--- Records to process Enclosed Below ---
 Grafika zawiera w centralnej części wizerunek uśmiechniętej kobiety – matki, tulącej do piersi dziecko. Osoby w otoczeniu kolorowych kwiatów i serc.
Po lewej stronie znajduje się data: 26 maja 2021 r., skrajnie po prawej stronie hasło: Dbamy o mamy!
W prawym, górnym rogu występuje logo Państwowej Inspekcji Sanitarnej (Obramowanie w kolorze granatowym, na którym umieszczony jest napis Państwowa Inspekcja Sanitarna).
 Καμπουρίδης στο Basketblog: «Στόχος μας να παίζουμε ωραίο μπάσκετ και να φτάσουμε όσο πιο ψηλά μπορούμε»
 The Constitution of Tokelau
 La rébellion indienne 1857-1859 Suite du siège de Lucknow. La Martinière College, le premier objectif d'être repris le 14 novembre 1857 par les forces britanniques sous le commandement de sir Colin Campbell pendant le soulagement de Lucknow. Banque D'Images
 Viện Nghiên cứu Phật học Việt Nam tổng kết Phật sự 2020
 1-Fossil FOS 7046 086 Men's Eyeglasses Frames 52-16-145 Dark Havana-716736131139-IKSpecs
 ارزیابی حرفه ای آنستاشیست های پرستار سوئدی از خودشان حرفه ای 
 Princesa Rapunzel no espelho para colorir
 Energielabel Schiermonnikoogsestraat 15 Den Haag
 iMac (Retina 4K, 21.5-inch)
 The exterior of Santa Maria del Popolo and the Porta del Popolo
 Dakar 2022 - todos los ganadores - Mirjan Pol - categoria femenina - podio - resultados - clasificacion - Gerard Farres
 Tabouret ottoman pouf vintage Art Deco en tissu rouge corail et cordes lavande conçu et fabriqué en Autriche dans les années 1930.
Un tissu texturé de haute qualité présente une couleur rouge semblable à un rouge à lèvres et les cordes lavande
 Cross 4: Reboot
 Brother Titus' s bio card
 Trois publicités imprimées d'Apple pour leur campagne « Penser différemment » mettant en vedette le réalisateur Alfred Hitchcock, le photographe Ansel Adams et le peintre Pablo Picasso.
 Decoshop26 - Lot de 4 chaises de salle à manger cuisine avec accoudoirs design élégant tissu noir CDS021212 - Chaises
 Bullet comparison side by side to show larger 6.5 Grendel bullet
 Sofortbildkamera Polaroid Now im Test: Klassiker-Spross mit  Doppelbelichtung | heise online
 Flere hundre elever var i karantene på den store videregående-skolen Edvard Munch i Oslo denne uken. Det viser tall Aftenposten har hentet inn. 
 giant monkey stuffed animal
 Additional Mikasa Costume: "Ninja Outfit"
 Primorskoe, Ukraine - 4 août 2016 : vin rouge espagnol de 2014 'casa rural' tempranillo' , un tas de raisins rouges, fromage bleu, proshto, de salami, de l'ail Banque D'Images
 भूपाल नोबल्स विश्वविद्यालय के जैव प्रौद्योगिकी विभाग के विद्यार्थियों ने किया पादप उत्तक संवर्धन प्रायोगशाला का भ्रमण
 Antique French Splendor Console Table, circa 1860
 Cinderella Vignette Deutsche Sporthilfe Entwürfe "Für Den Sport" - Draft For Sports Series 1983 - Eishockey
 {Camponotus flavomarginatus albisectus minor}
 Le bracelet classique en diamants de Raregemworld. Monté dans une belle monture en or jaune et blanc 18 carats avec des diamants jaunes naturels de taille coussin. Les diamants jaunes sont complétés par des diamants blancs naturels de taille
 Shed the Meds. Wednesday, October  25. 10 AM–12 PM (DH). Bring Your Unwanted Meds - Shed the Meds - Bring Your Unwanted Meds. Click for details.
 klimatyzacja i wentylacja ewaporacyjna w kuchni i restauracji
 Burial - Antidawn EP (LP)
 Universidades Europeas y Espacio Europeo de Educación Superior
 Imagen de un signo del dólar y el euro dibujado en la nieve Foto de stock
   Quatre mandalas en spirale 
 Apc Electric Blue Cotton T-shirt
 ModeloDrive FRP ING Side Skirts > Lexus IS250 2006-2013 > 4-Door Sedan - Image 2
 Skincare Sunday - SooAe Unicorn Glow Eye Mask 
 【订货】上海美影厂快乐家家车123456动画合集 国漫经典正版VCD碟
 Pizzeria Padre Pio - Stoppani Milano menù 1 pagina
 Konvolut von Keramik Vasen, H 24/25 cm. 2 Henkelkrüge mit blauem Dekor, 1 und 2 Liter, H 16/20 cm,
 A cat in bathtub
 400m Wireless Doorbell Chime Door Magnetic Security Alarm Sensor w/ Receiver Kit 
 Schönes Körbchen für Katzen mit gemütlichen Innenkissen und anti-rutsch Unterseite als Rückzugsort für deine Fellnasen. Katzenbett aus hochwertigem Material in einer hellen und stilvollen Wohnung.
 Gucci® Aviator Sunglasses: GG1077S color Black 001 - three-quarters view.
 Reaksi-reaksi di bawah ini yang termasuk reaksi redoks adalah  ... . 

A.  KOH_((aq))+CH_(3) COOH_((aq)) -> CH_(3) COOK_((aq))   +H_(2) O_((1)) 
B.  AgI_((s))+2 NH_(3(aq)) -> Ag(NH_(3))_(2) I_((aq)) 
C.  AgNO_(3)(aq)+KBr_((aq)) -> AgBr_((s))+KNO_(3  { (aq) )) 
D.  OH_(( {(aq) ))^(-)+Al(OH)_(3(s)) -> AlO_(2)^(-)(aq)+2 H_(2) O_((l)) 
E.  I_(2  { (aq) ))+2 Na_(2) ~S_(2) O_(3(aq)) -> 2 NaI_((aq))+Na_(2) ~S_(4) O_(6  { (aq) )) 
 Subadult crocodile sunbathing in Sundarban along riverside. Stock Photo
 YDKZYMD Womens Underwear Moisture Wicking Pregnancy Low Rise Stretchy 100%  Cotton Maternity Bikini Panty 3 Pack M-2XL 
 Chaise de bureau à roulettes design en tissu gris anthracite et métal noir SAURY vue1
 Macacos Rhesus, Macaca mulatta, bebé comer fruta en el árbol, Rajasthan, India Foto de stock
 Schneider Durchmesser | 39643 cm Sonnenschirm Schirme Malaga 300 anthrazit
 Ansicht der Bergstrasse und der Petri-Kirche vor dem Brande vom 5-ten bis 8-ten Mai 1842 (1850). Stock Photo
--- End of Enclosed Records to process ---
**What is expected**
Reproducing the whole listing above is not the task. Copy exactly only the lines from the one with "Skincare Sunday - SooAe" to the one with "AgNO_(3)(aq)+KBr_((aq)) -> AgBr_((s))+KNO_(3", both kept.

**Output**
 Skincare Sunday - SooAe Unicorn Glow Eye Mask 
 【订货】上海美影厂快乐家家车123456动画合集 国漫经典正版VCD碟
 Pizzeria Padre Pio - Stoppani Milano menù 1 pagina
 Konvolut von Keramik Vasen, H 24/25 cm. 2 Henkelkrüge mit blauem Dekor, 1 und 2 Liter, H 16/20 cm,
 A cat in bathtub
 400m Wireless Doorbell Chime Door Magnetic Security Alarm Sensor w/ Receiver Kit 
 Schönes Körbchen für Katzen mit gemütlichen Innenkissen und anti-rutsch Unterseite als Rückzugsort für deine Fellnasen. Katzenbett aus hochwertigem Material in einer hellen und stilvollen Wohnung.
 Gucci® Aviator Sunglasses: GG1077S color Black 001 - three-quarters view.
 Reaksi-reaksi di bawah ini yang termasuk reaksi redoks adalah  ... . 

A.  KOH_((aq))+CH_(3) COOH_((aq)) -> CH_(3) COOK_((aq))   +H_(2) O_((1)) 
B.  AgI_((s))+2 NH_(3(aq)) -> Ag(NH_(3))_(2) I_((aq)) 
C.  AgNO_(3)(aq)+KBr_((aq)) -> AgBr_((s))+KNO_(3  { (aq) )) 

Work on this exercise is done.